Wright has played his entire senior career in England, with Preston North End, Bristol City and Sunderland.

He has played 24 times for Australia and was selected for Australia's 23-man squad for the 2014 FIFA World Cup in Brazil.

Club career
Wright spent his formative years at Langwarrin, before playing a season each with Mornington and Dandenong Thunder. He was identified as a promising talent, eventually earning selection for the Victorian state team in 2007. He honed his skills further with the Victorian Institute of Sport in 2008, returning to Langwarrin in 2009 where he made several senior league appearances, before moving overseas in July 2009, signing a two-year scholarship with Preston North End after a protracted clearance saga.

Preston North End
In his first season with Preston North End, Wright played predominantly as a centre-half for the reserves and under-18 teams, but was eventually called up to the senior squad in April, sitting on the bench for the club's fixture away to Coventry City. He commenced the 2010–11 season with his debut senior appearance in the first round of the League Cup, playing the full 90 minutes in the Lilywhites' 5–0 win against Stockport County. On 13 December 2010, Wright was handed a two-and-a-half-year professional contract.

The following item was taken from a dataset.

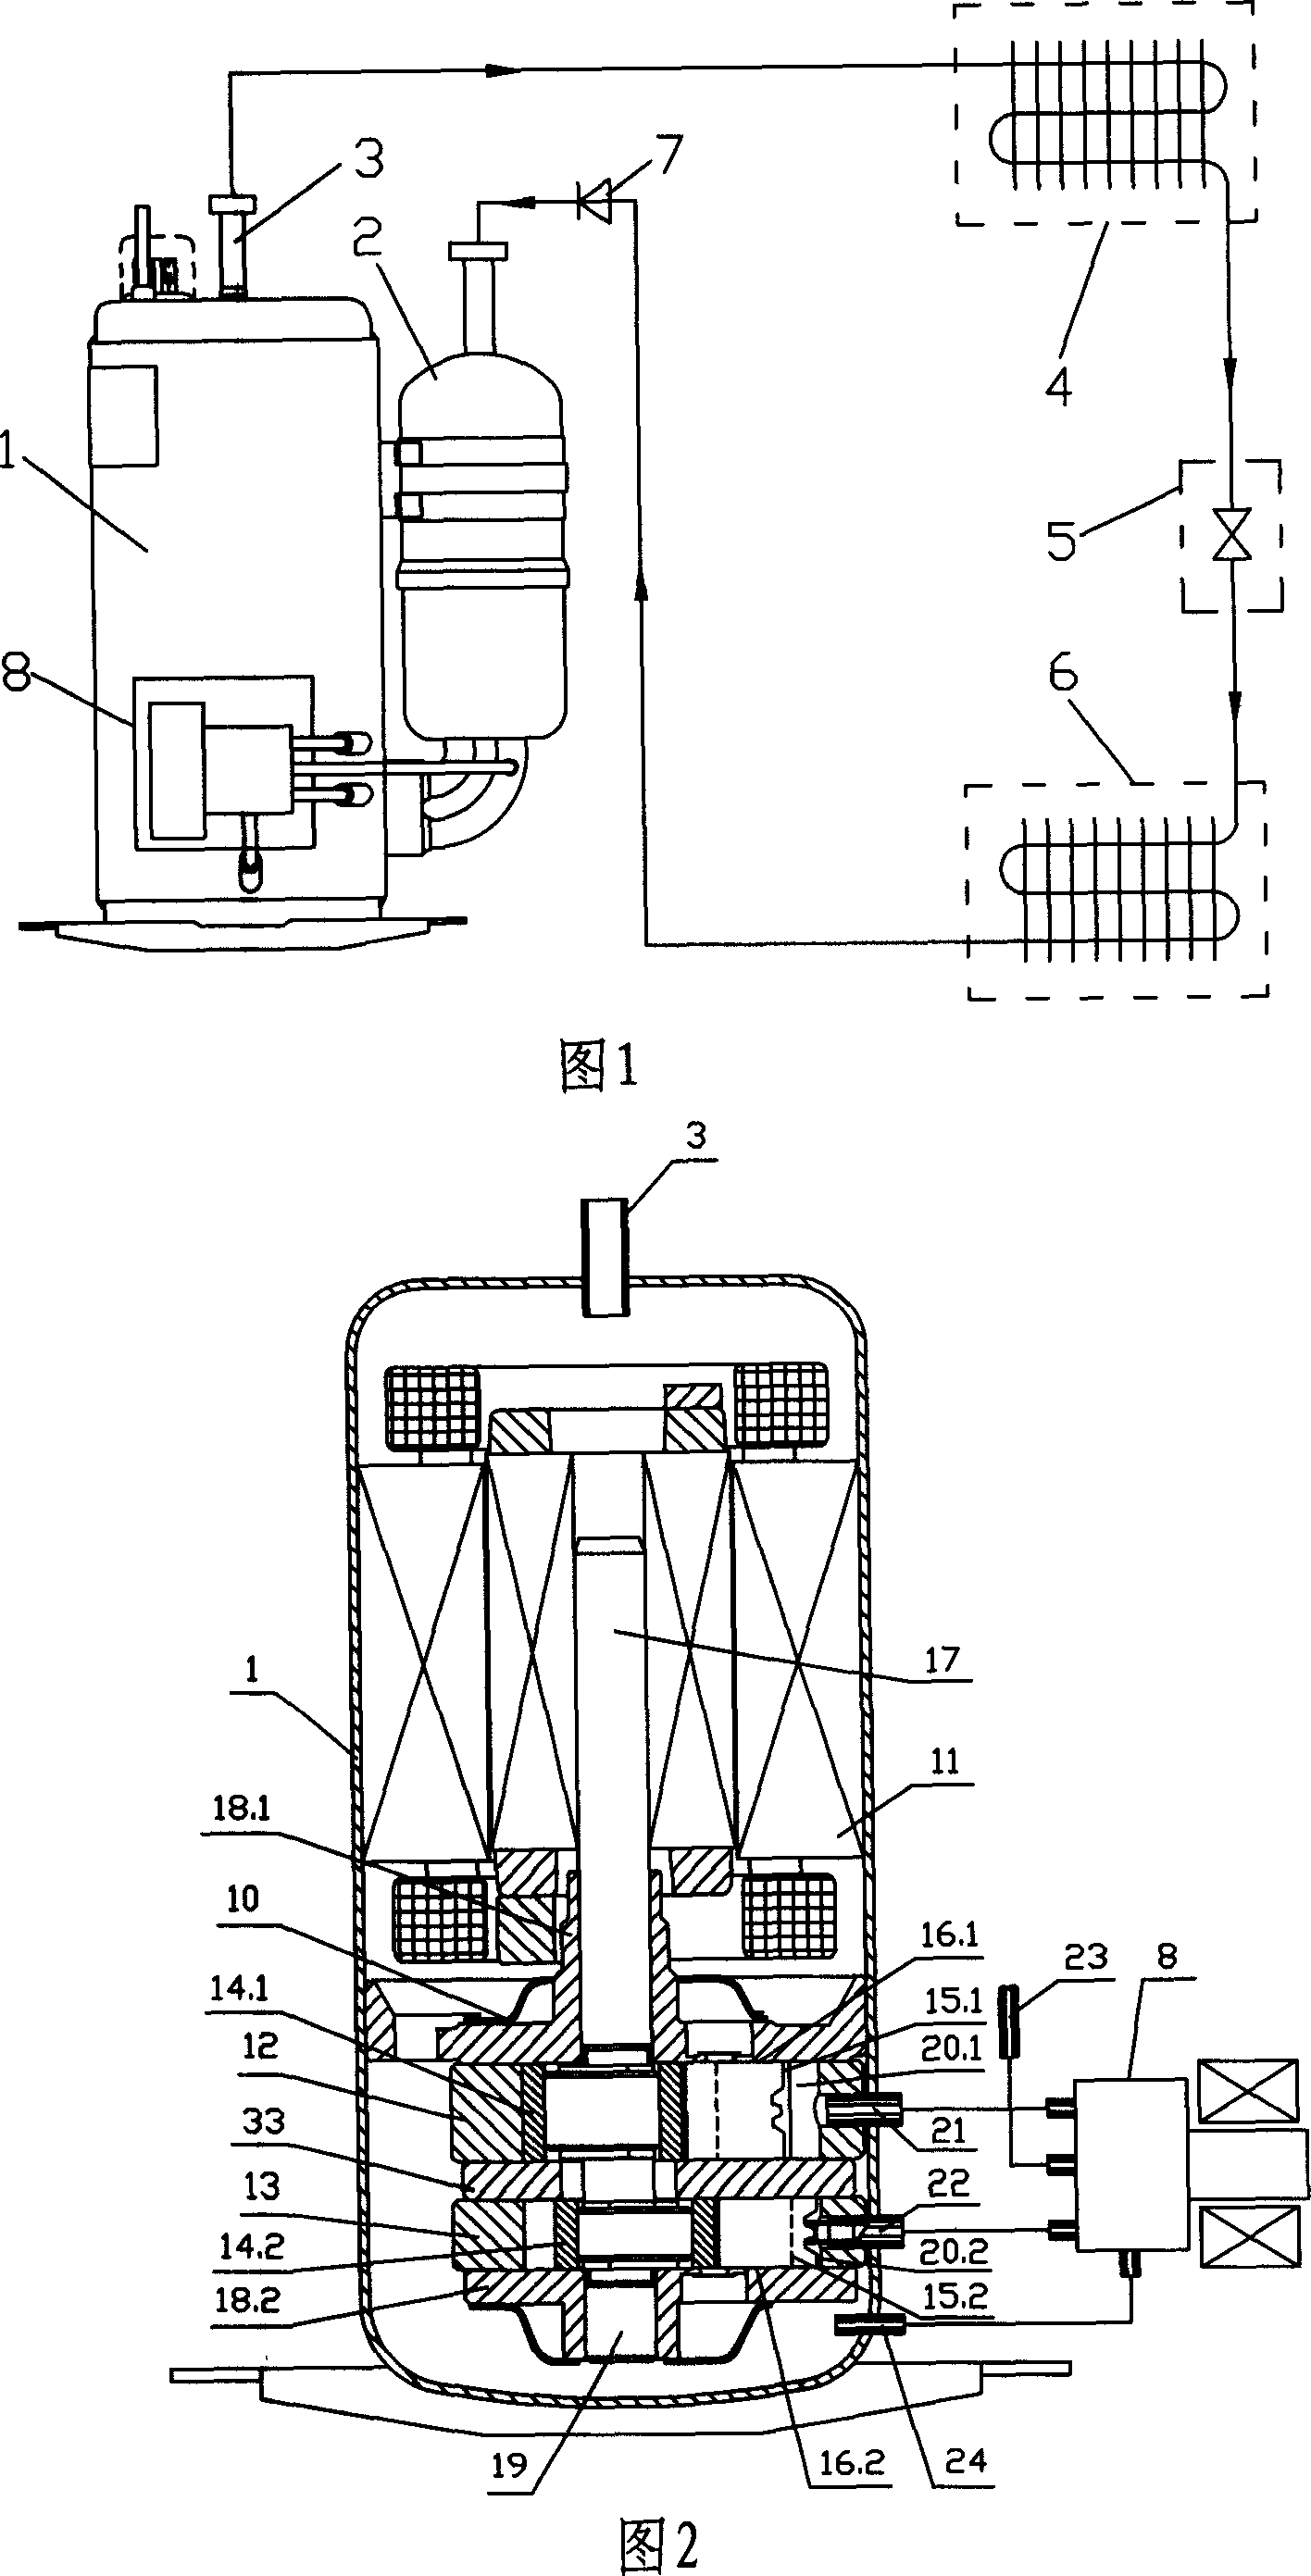 Control method of rotary compressor

Wright made his league debut for Preston on 5 March 2011 against Norwich City. He scored his first professional goal for Preston on 7 April 2012 against MK Dons.

Wright was voted Young Player of the Year of Preston North End for the 2012–13 season. On 1 May 2013, he was handed a new two-year contract, with the option of staying at Preston North End for another year.

Wright won promotion via the play-Offs with Preston in 2015, defeating Swindon Town 4–0 at Wembley on 24 May 2015.

Bristol City

On 6 January 2017, it was announced that Wright joined Bristol City for an undisclosed fee, signing a -year contract. On 7 January 2017, he made his debut in the FA Cup third round tie against Fleetwood Town. He scored his first goal for Bristol City in a 1–1 draw with Norwich City on 7 March 2017. At the start of the 2017–18 season, Wright was named Bristol City captain.

Wright featured as Bristol City reached the semi finals of the 2017–18 EFL Cup with wins over Premier League opponents Watford, Stoke City, Crystal Palace and Manchester United. Wright played as City lost in the semi-final tie against Premier League leaders Manchester City. Wright was released by Bristol City at the end of his contract in July 2020.

Sunderland
Wright signed a six-month loan deal with League One club Sunderland on 21 January 2020. On 2 August 2020, Wright signed for Sunderland on a permanent basis, on a two-year deal. He scored his first goal for Sunderland in a 2–2 draw with Rochdale on 27 October 2020.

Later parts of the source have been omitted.